**Required work**: For this exercise, output the entries below exactly from the line that holds "Check Out The" to the line that holds "Therapy Doodle Women&#39;s", both ends included. No pictures belong in the copy.

**Information shown**:
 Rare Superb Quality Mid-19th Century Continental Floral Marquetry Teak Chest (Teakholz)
---
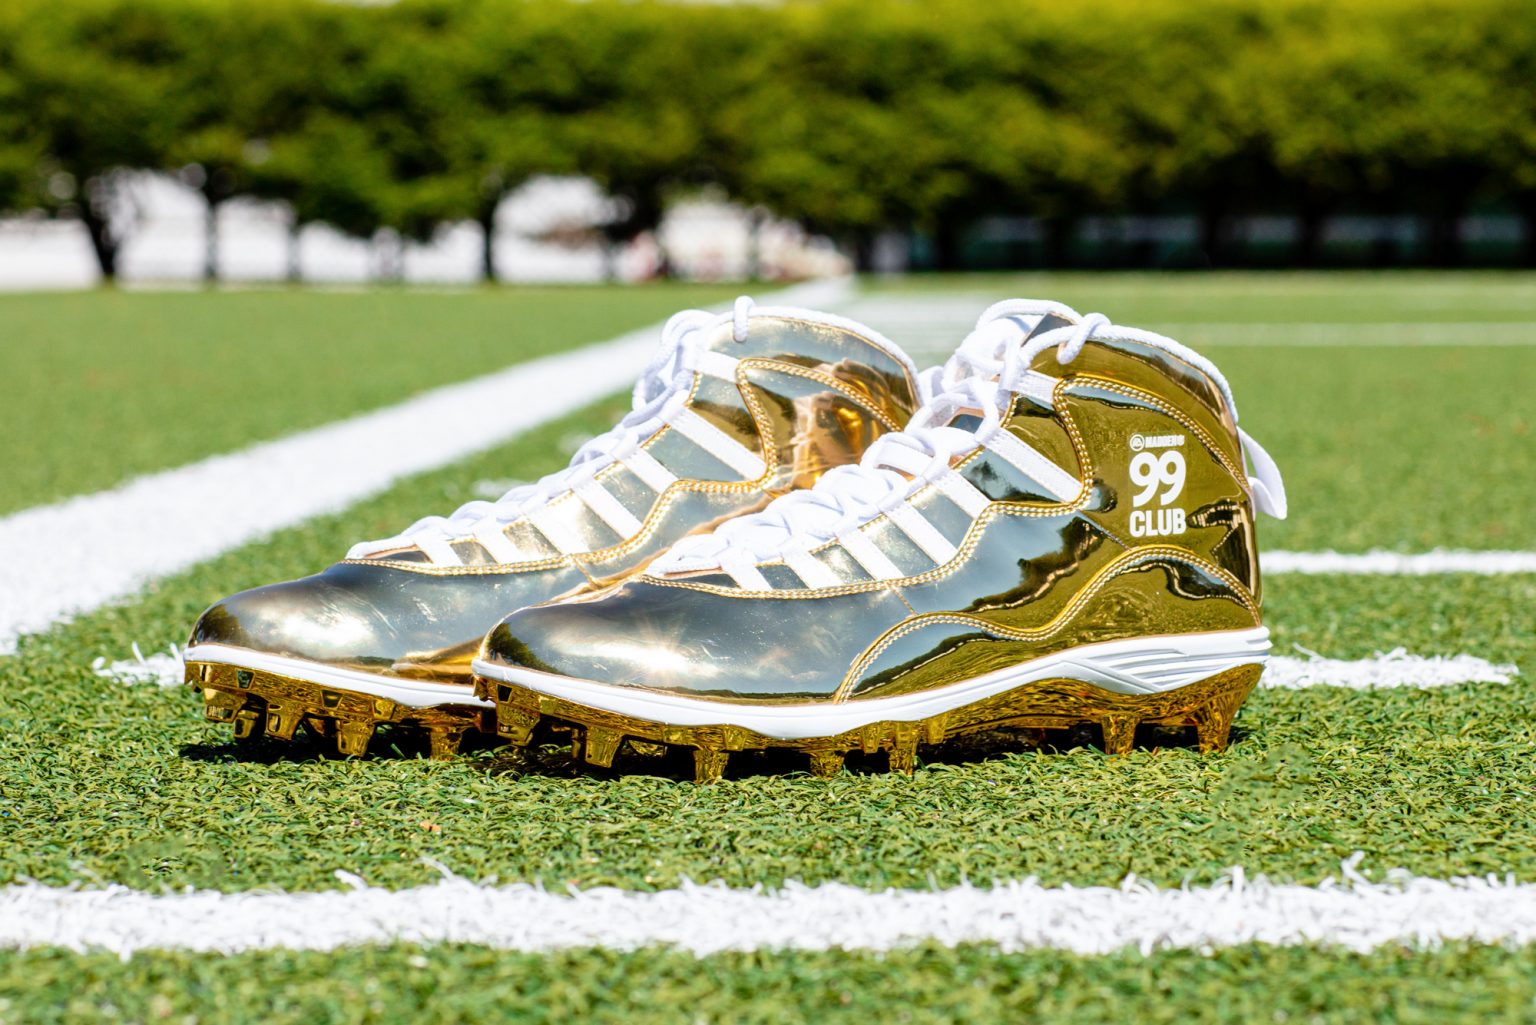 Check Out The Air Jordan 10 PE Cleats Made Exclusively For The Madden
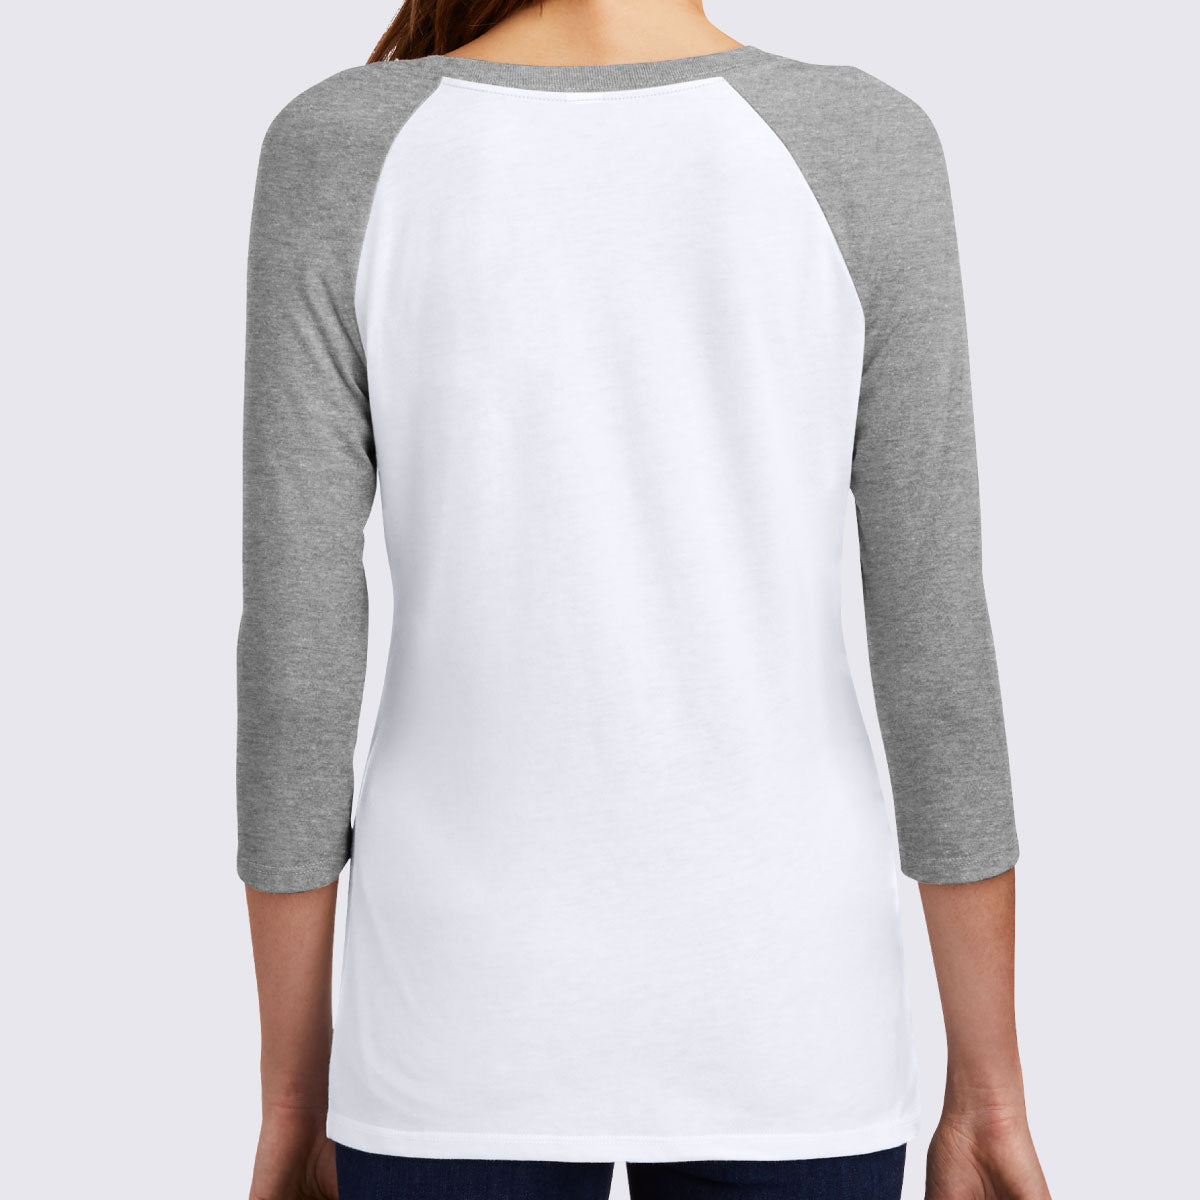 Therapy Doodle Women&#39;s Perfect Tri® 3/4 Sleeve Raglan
---
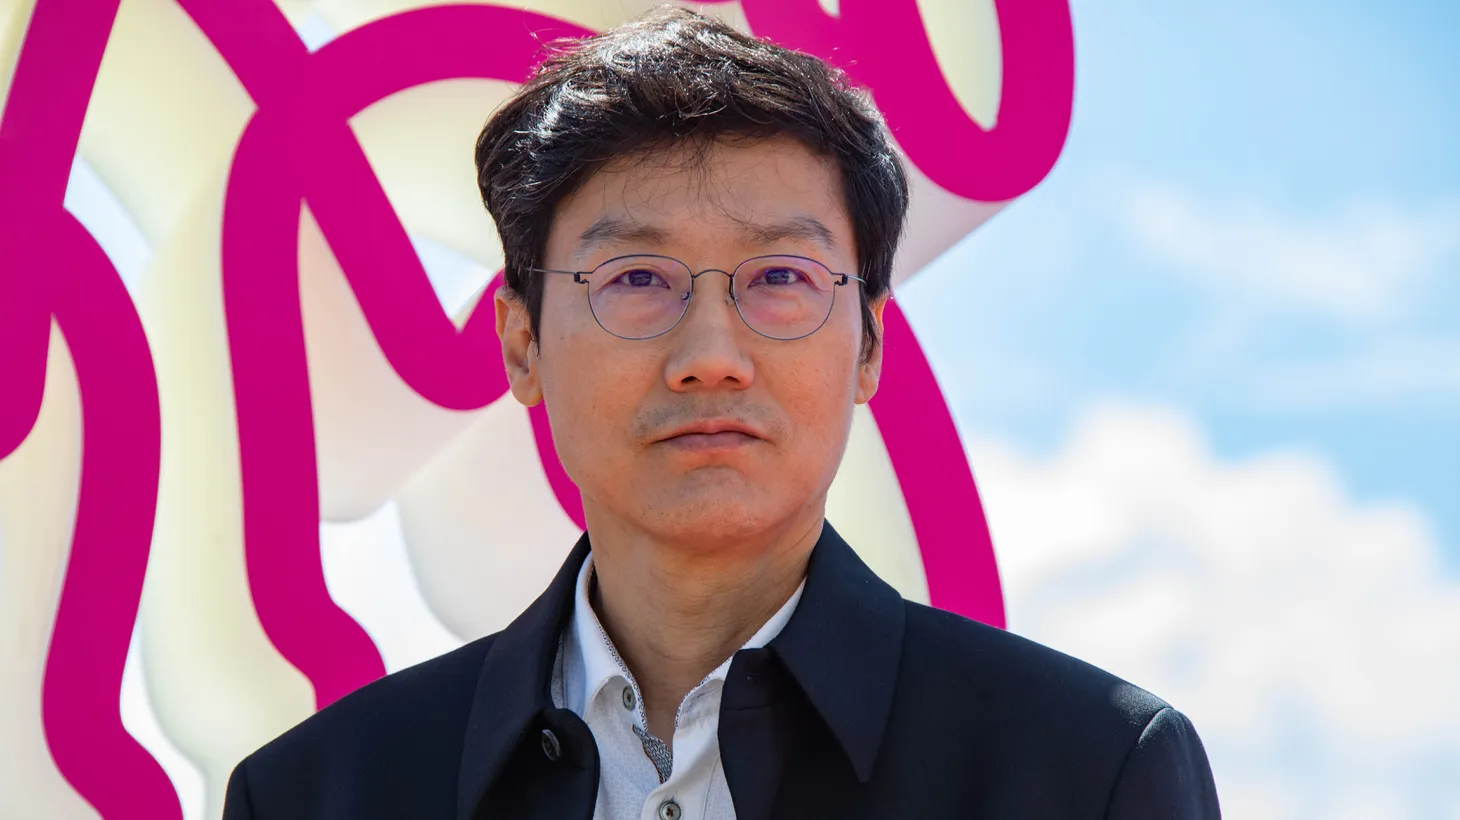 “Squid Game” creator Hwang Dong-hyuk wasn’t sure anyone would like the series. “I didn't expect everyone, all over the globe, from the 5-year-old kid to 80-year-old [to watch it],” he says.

**Result**:
 Check Out The Air Jordan 10 PE Cleats Made Exclusively For The Madden
 Therapy Doodle Women&#39;s Perfect Tri® 3/4 Sleeve Raglan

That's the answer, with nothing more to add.